Klein, for his part, professes satisfaction with the putative new contract. “I didn’t get everything I wanted, but nobody gets everything they want,” he tells me. “But on key issues”—seniority transfers, teachers in the hallways, and master teachers—“I’m actually quite pleased.”

Some of this is spin, of course. Though Klein is too much a realist to have ever expected his eight-page contract to be adopted—and enough of a player to recognize that his given role in the negotiations was to push the envelope so that Bloomberg could play the statesman—he is also enough of a dreamer to have hoped he’d get more than he got. What Klein wants is to see the system run as a federation of small businesses, with principals acting as CEOs of their schools and the DOE as the enforcer of standards and accountability. “It’s why I’m a supporter of charter schools,” he says. “There I can say, ‘You can do things differently, hire who you want, nobody has lifetime tenure. But if you don’t succeed, I’m gonna shut you down.’ ”
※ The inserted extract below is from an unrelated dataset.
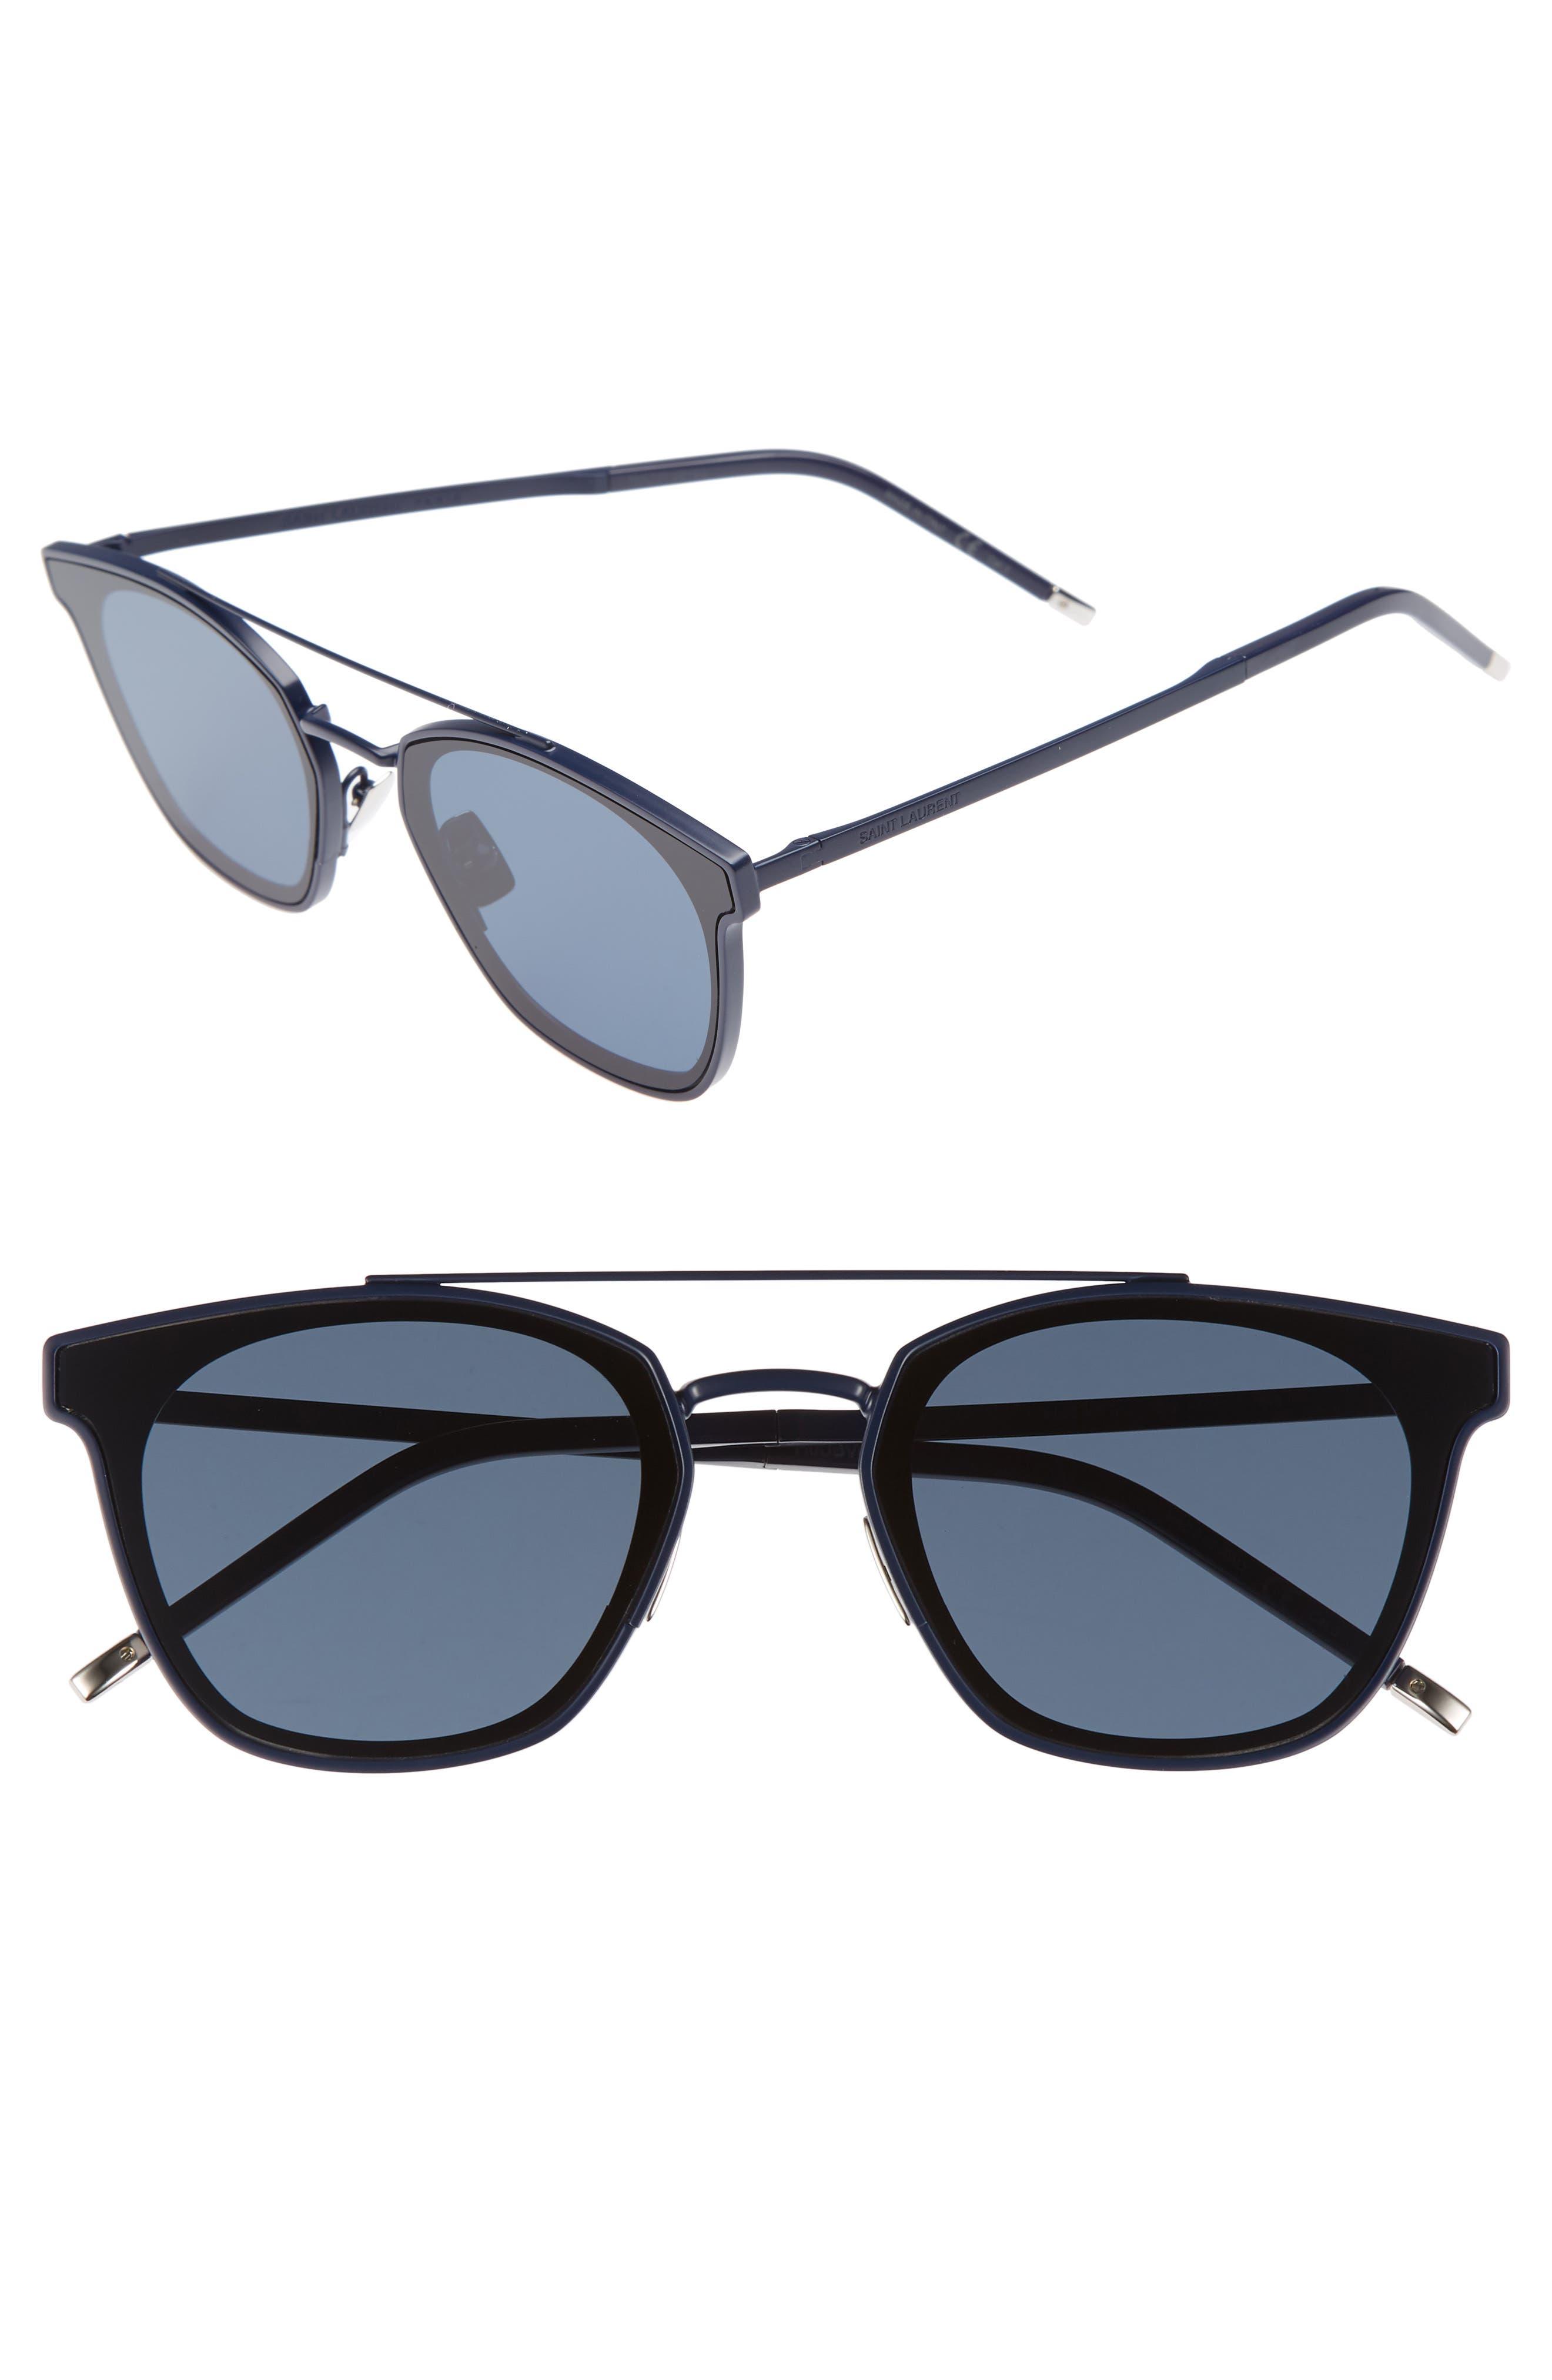 SL 28 61mm Polarized Sunglasses,                             Main thumbnail 1, color,                             BLUE

Maybe the measure of a successful negotiation is that both parties are disappointed in the end. But again, there are more than just two parties here. For Bloomberg, the way the drama played out couldn’t have been more ideal. By dragging out the process, he sidelined the UFT politically during this campaign season. And whether the tensions between him and Klein are real or for show—at times the two of them seem to be in competition—by having the chancellor play the heavy, Bloomberg shielded himself from much of the fury simmering among the teachers.

“I don’t know how much of it was by design and how much of it he lucked into,” a Weingarten ally observes. “But in retrospect, Bloomberg played it perfectly—I mean, my God, poor Freddy.”

Freddy Ferrer sits in his campaign headquarters, wearing khakis and an open-neck shirt, straining to make an analogy about the CEO mayor and how he’s failed the schools. It’s a Saturday night, and Ferrer and I have been talking for a while about whether it makes sense to apply private-sector management techniques to public education. Ferrer has already offered up one clunker—“If this were a corporation, we would be required by law to have a restatement of earnings”—so he’s trying again. “If one of the Big Three auto-makers built a car with a superb transmission, but a bad engine, bad body work, bad fit and finish, and only sold 50 percent of its output, what would you say?”